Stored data
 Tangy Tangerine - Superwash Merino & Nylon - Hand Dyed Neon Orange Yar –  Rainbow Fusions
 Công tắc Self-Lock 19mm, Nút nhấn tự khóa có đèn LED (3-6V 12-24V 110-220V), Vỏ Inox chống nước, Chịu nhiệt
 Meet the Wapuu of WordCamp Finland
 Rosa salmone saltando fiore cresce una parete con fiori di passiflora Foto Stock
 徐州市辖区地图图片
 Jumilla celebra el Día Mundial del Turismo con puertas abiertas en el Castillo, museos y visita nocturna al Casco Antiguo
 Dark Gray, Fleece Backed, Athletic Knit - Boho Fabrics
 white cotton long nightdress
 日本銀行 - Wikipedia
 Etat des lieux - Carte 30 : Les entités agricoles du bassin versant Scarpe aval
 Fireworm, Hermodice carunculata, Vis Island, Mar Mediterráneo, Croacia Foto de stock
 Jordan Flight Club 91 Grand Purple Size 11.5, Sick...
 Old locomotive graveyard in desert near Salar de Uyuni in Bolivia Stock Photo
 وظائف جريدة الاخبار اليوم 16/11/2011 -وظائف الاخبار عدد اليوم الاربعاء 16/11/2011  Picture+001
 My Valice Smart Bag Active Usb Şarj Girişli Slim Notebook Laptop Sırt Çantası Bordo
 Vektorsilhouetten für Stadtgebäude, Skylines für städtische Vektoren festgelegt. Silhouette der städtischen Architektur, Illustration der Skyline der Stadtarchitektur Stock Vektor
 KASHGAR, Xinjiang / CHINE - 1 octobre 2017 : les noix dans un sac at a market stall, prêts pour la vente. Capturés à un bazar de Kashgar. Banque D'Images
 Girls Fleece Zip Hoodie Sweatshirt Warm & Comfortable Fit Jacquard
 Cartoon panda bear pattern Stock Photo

WHAT TO PRODUCE:
Return exactly the lines above from the line that has "Old locomotive graveyard" through the line that has "Girls Fleece Zip", inclusive, and nothing else.

EXERCISE SOLUTION:
 Old locomotive graveyard in desert near Salar de Uyuni in Bolivia Stock Photo
 وظائف جريدة الاخبار اليوم 16/11/2011 -وظائف الاخبار عدد اليوم الاربعاء 16/11/2011  Picture+001
 My Valice Smart Bag Active Usb Şarj Girişli Slim Notebook Laptop Sırt Çantası Bordo
 Vektorsilhouetten für Stadtgebäude, Skylines für städtische Vektoren festgelegt. Silhouette der städtischen Architektur, Illustration der Skyline der Stadtarchitektur Stock Vektor
 KASHGAR, Xinjiang / CHINE - 1 octobre 2017 : les noix dans un sac at a market stall, prêts pour la vente. Capturés à un bazar de Kashgar. Banque D'Images
 Girls Fleece Zip Hoodie Sweatshirt Warm & Comfortable Fit Jacquard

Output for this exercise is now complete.